Zelenski, “Oradaki sınır muhafızlarının hiçbiri teslim olmadı ve kahramanca can verdi. Askerlerin anısına Ukrayna’nın Kahramanı madalyası takdim edilecek” dedi.
Devasa bir Rus savaş gemisine öleceğini bile bile “s***irin gidin” diye küfrederek direnen askerlerin ruhu ile Rus Diktatörü Putin ve ultra zengin Rus oligarkların hizmetindeki bir işgal ordusunun ruhu nasıl boy ölçüşebilir?
Emin olun, bu gün Ukrayna halkı Ruslardan ve Putin’den artık çok daha fazla nefret ediyor, bu nefretin kamçıladığı direniş ruhu diktatör Putin’in tanklarını Ukrayna bataklıklarına gömerse ne olur?
Dünyanın çok büyük bir kısmı diktatör Putin’in Hitler’e öykünerek kalkıştığı bu işgal harekâtına karşı, Putin ve Rusya’ya bedel ödetmeye kararlıdır.
Rusya her ne kadar coğrafi ve askeri bir dev gibi görünse de teknolojik olarak geri ve ekonomik olarak bir cücedir. Neredeyse tüm gelirini ham madde satışı ile elde etmektedir. Hammadde satışlarında ise en büyük payı petrol, doğal gaz ve kömür almaktadır. İklim değişikliği ile mücadele kapsamında fosil kaynak kullanımının yasaklanması yakın gelecekte Rusya’yı ekonomik olarak epeyce zor bir duruma düşürecektir.

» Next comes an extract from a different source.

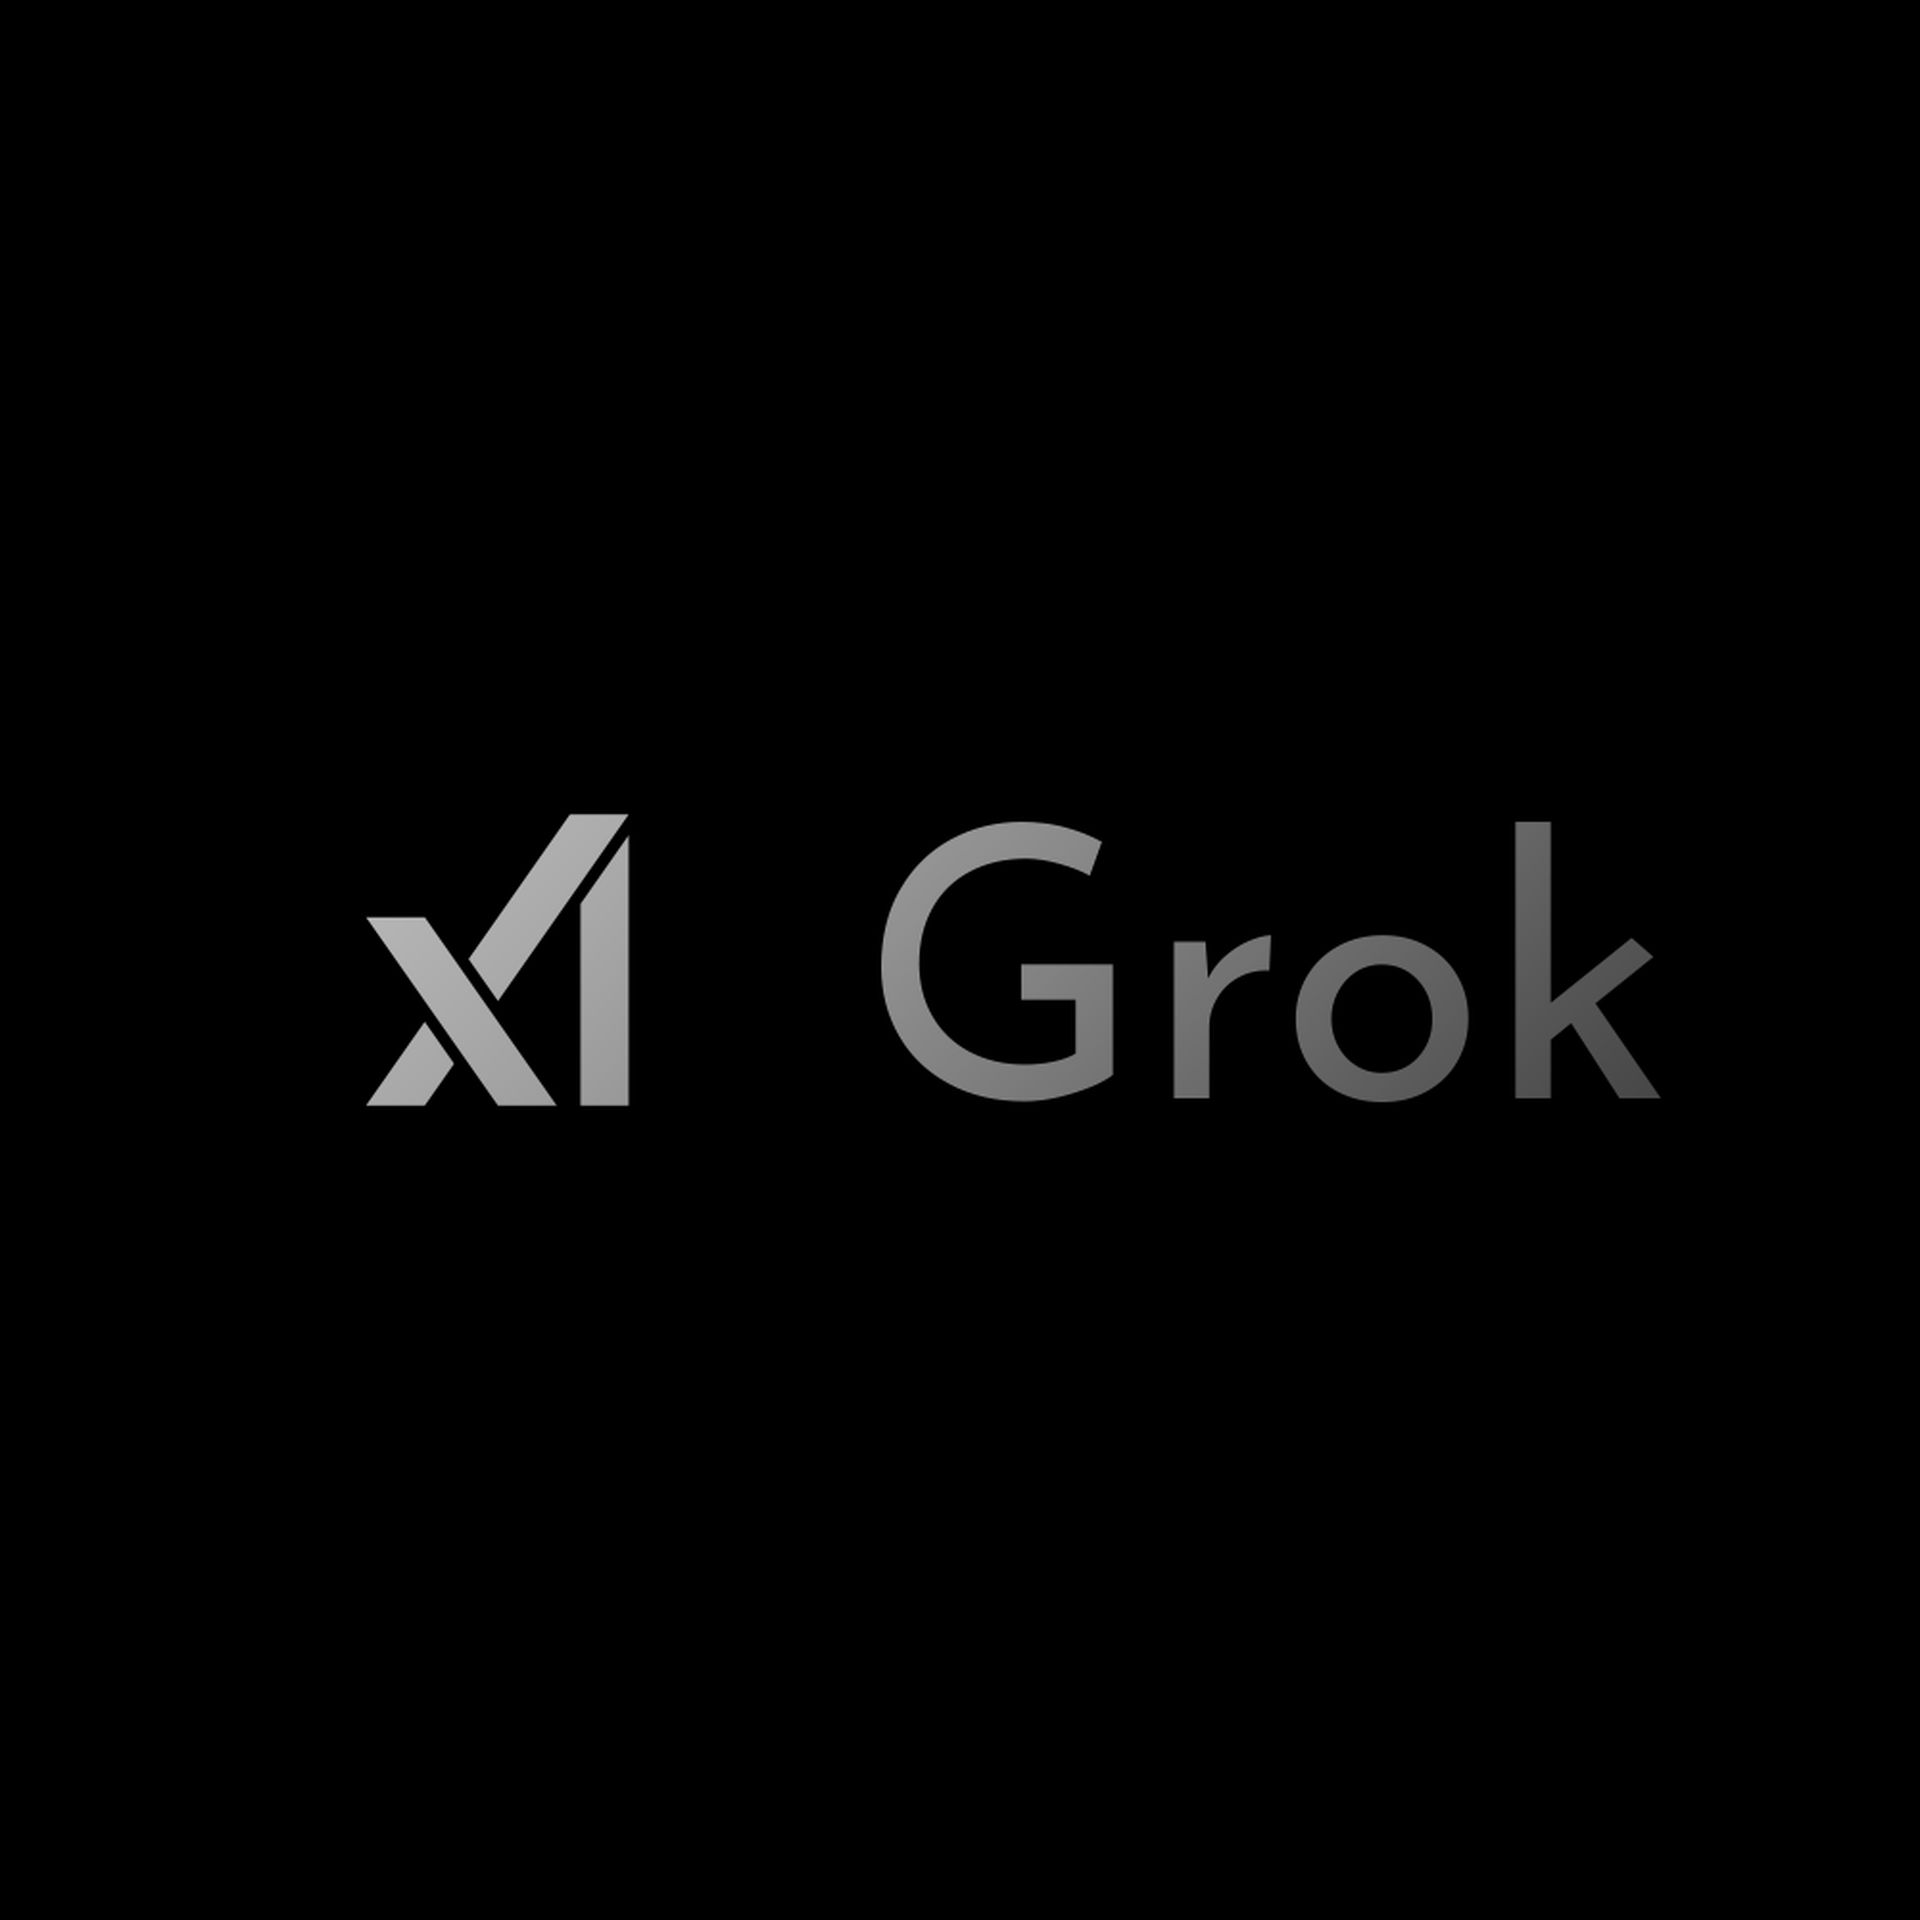 A giant move in AI: Grok 1.0 made open-source

Putin’in bu gün yeniden bir süper güç olmaya özenmesi bana hep öküze özenen kurbağa hikâyesini anımsatır, hikâyenin sonu belli. Putin’in bu hikâyesinin sonunda da Rusya bir tur daha bölünüp parçalanabilir.

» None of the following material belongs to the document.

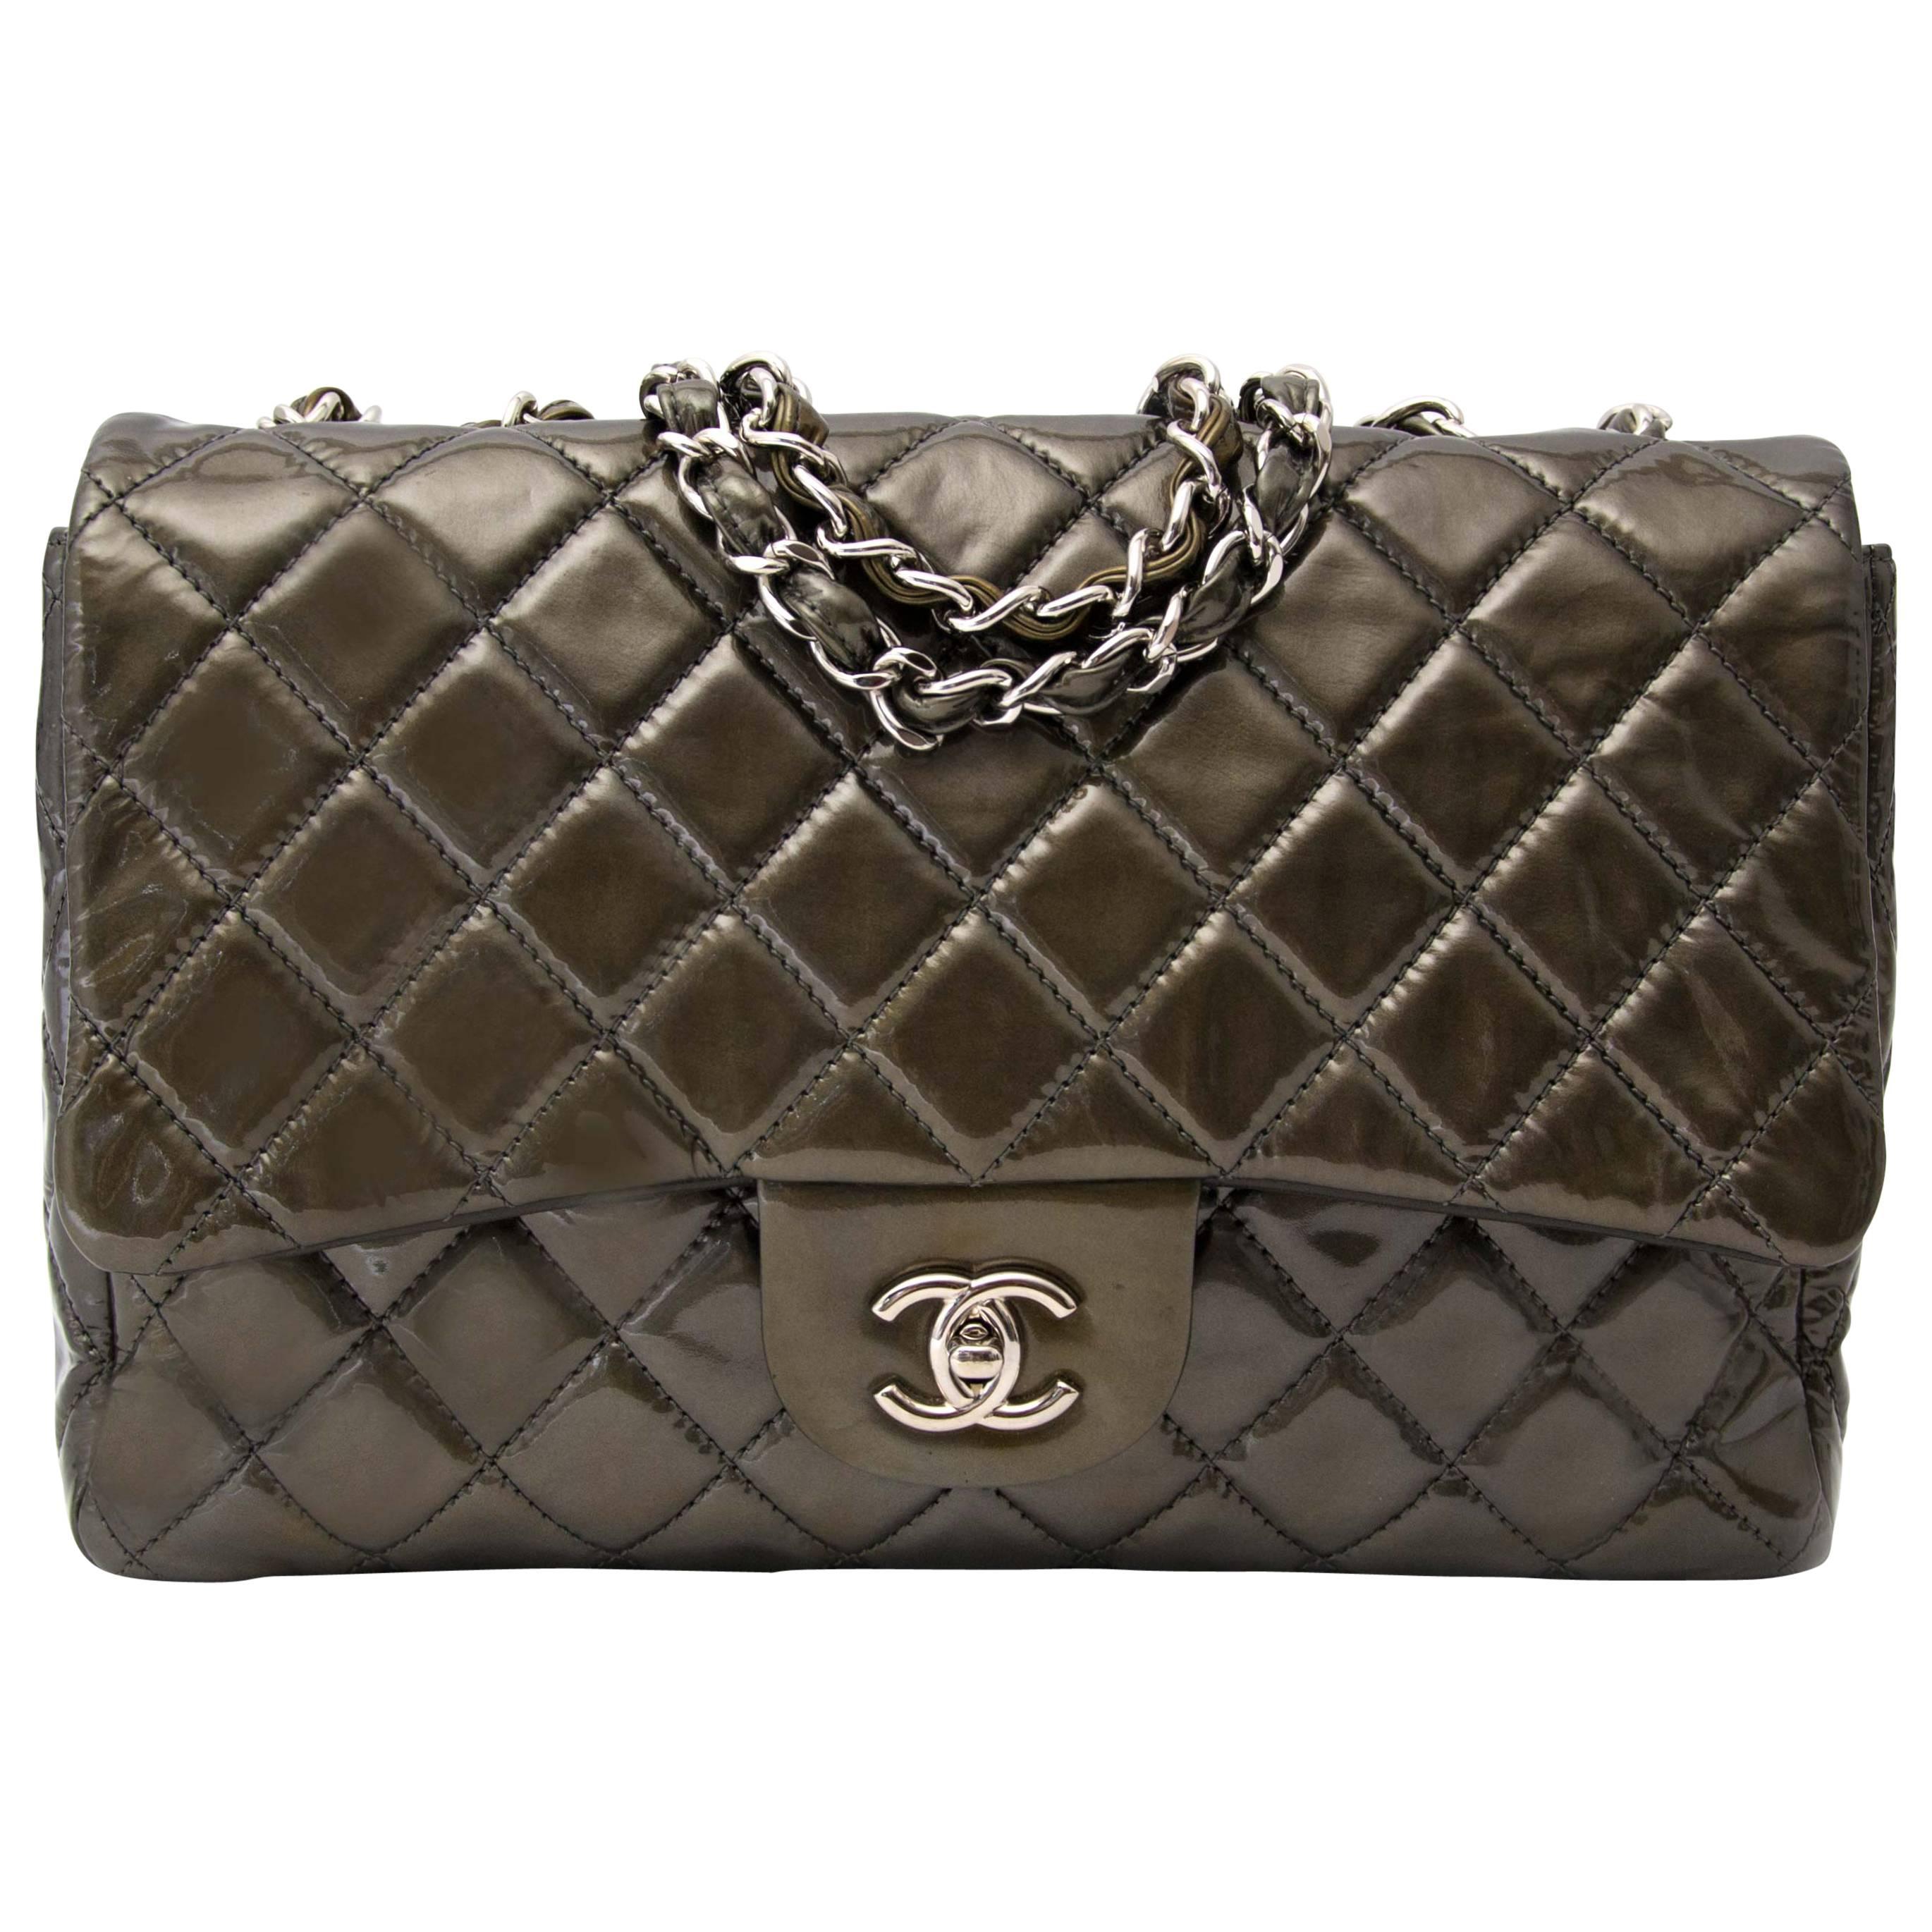 Chanel Patent Leather Olive Single Flap Bag

Diğer yandan Rusya’nın kaba askeri gücü dışında dünyaya satabileceği bir hikâyesi de kalmamıştır. Bolşevik devrimi sonrasında dünyayı etkileyen bir sosyalist dünya düzeni anlatılıyordu. Putin bu gün ne anlatacak, mafyatik oligarkların sömürdüğü Rus halkını mı anlatacak?

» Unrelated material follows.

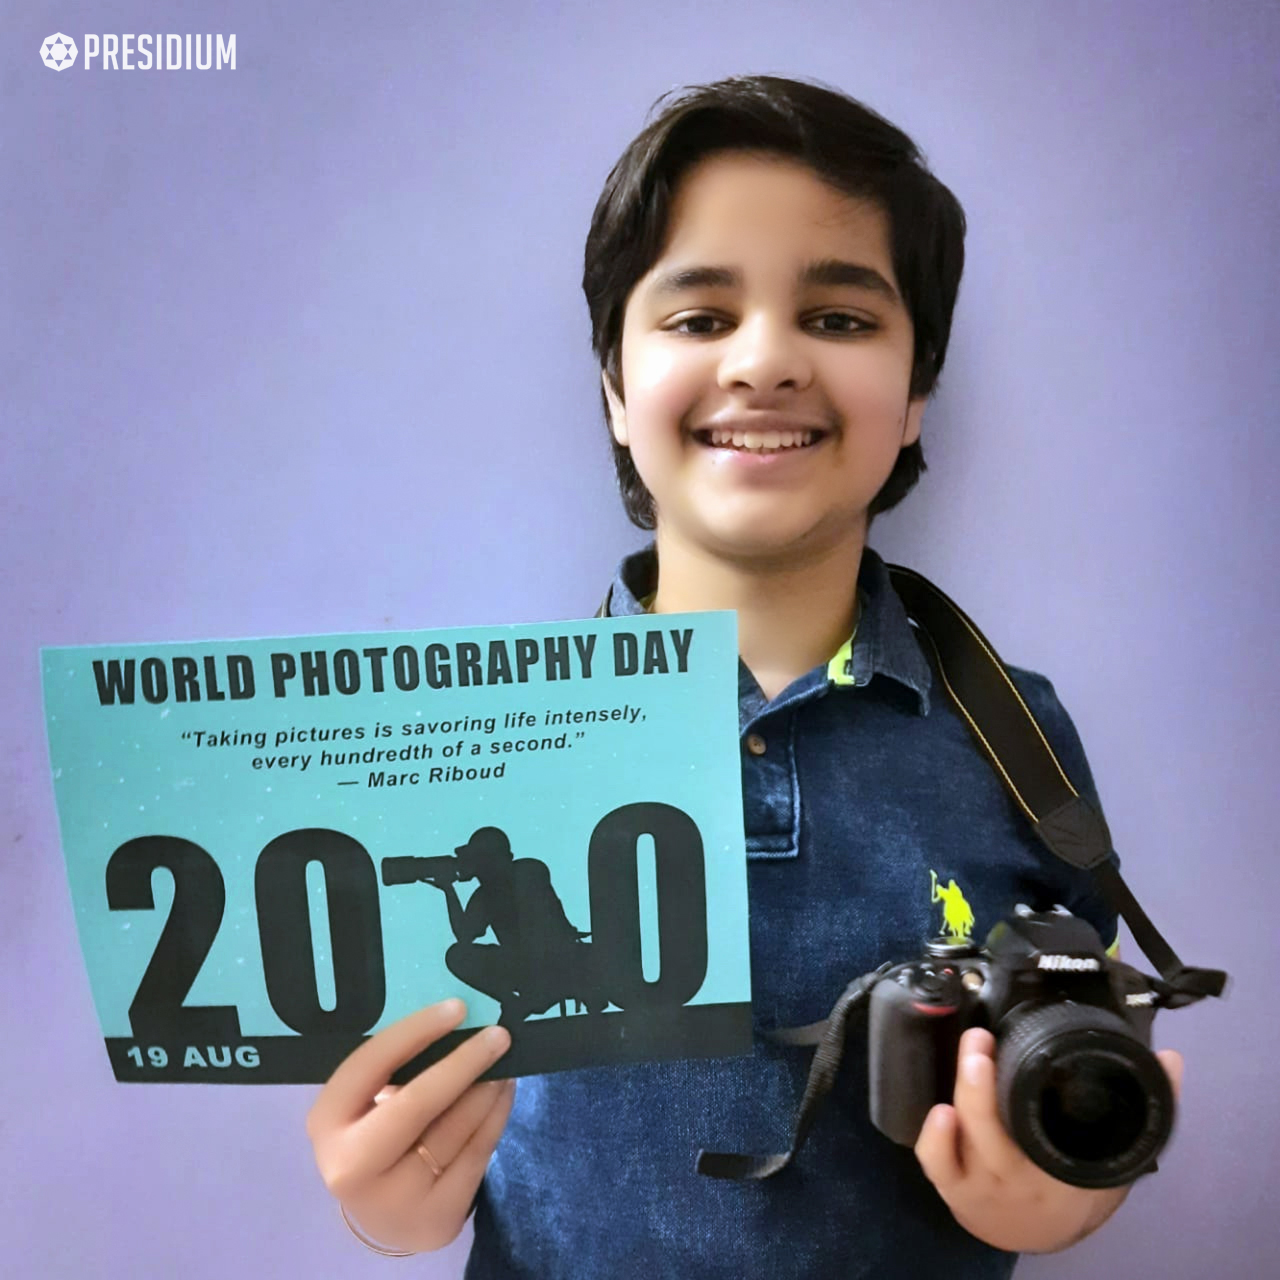 WORLD PHOTOGRAPHY DAY 2020

Eli kanlı bir diktatörün güç devşirme hayali sonucunda ölen masumlar, sığınaklarda korku içinde bekleşen çocuklar, işgal edilen yanıp yıkılan bir ülke görüntüsü ve bu görüntüye izin veren uygar dünya gerçekten de insanın yüreğini sızlatmaktadır. Birleşmiş Milletler böyle bir günde bile etkili olamıyorsa ne zaman etkili olacak?